И я ему рукавицы дал, а он мне с колокольни старую церковную дверь принес, на коей Петр-апостол написан, и в руке у него ключи от царства небесного.

«Вот это-то, — говорит, — и самое важное есть ключи: ты этою дверью только заставься, так уже через нее никто не прейдет».

Я ему мало в ноги от радости не поклонился и думаю: чем мне этою дверью заставляться да потом ее отставлять, я ее лучше фундаментально прилажу, чтобы она мне всегда была ограждением, и взял и учинил ее на самых надежных плотных петлях, а для безопаски еще к ней самый тяжелый блок приснастил из булыжного камня, и все это исправил в тишине в один день до вечера и, как пришла ночная пора, лег в свое время и сплю. Но только, что же вы изволите думать: слышу — опять дышит! просто ушам своим не верю, что это можно, ан нет: дышит, да и только! да еще мало этого, что дышит, а прет дверь… При старой двери у меня изнутри замок был, а в этой, как я более на святость ее располагался, замка не приладил, потому что и времени не было, то он ее так и пихает, и все раз от разу смелее, и, наконец, вижу, как будто морда просунулась, но только дверь размахнулась на блоке и его как свистнет со всей силы назад… А он отскочил, видно, почесался, да, мало обождавши, еще смелее, и опять морда, а блок ее еще жестче щелк… Больно, должно быть, ему показалось, и он усмирел и больше не лезет, я и опять заснул, но только прошло мало времени, а он, гляжу, подлец, опять за свое взялся, да еще с новым искусством. Уже нет того, чтобы бодать и прямо лезть, а полегонечку рогами дверь отодвинул, и как я был с головою полушубком закрыт, так он вдруг дерзко полушубок с меня долой сорвал, да как лизнет меня в ухо… Я больше этой наглости уже не вытерпел: спустил руку под кровать и схватил топор да как тресну его, слышу — замычал и так и бякнул на месте. «Ну, — думаю, — так тебе и надо», — а вместо того, утром, гляжу, никакого жида нет, а это они, подлецы, эти бесенята, мне вместо его корову нашу монастырскую подставили.

— И вы ее поранили?

— Так и прорубил топором-с! Смущение ужасное было в монастыре.

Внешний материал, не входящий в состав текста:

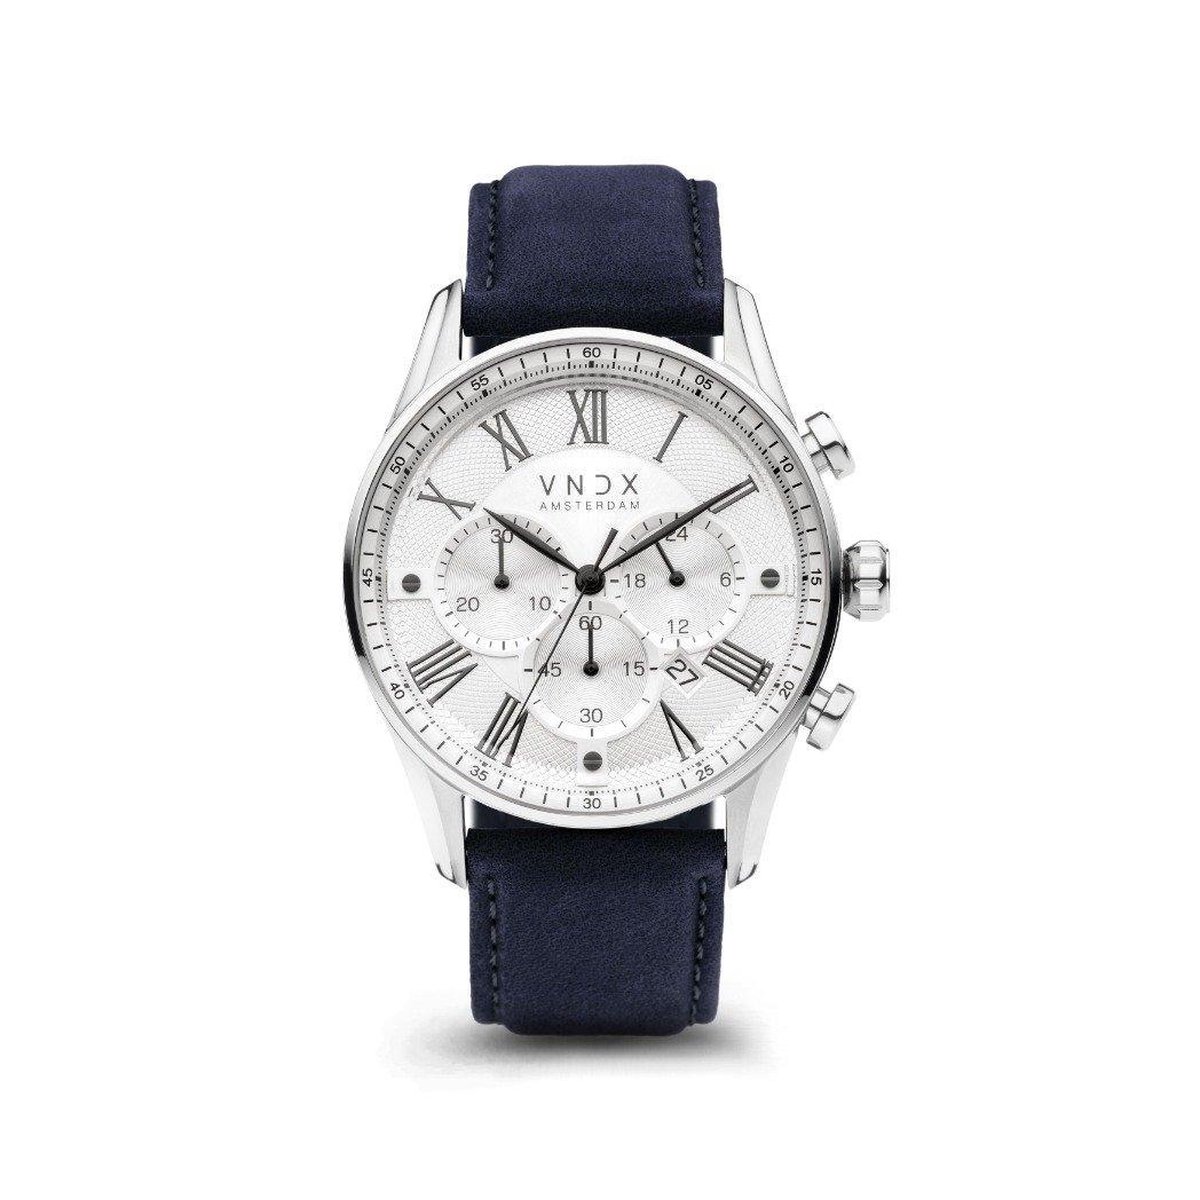 VNDX Amsterdam - Horloge voor mannen - The Chief Wit Leder Blauw

— И вы, чай, неприятности какие-нибудь за это имели?

— Получил-с; отец игумен сказали, что это все оттого мне представилось, что я в церковь мало хожу, и благословили, чтобы я, убравшись с лошадьми, всегда напереди у решетки для возжигания свеч стоял, а они тут, эти пакостные бесенята, еще лучше со мною подстроили и окончательно подвели. На самого на Мокрого Спаса, на всенощной, во время благословения хлебов, как надо по чину, отец игумен и иеромонах стоят посреди храма, а одна богомолочка старенькая подает мне свечечку и говорит:

«Поставь, батюшка, празднику».

Я подошел к аналою, где положена икона «Спас на Водах», и стал эту свечечку лепить, да другую уронил. Нагнулся, эту поднял, стал прилепливать, — две уронил. Стал их вправлять, ан, гляжу — четыре уронил. Я только головой качнул, ну, думаю, это опять непременно мне пострелята досаждают и из рук рвут… Нагнулся и поспешно с упавшими свечами поднимаюсь да как затылком махну под низ об подсвечник… а свечи так и посыпались. Ну, тут я рассердился да взял и все остальные свечи рукой посбивал. «Что же, — думаю, — если этакая наглость пошла, так лучше же я сам поскорее все это опрокину».

— И что же с вами за это было?

— Под суд меня за это хотели было отдать, да схимник, слепенький старец Сысой, в земляном затворе у нас живет, так он за меня заступился.

«За что, — говорит, — вы его будете судить, когда это его сатанины служители смутили».

Отец игумен его послушались и благословили меня без суда в пустой погреб опустить.

— Надолго же вас в погреб посадили?

— А отец игумен не благословили на сколько именно времени, а так сказали только, что «посадить», я все лето до самых до заморозков тут и сидел.

— Ведь это, надо полагать, скука и мучение в погребе, не хуже, чем в степи?

— Ну нет-с: как же можно сравнить? здесь и церковный звон слышно, и товарищи навещали. Придут, сверху над ямой станут, и поговорим, а отец казначей жернов мне на веревке велели спустить, чтобы я соль для поварни молол. Какое же сравнение со степью или с другим местом.

— А потом когда же вас вынули? верно, при морозах, потому что холодно стало?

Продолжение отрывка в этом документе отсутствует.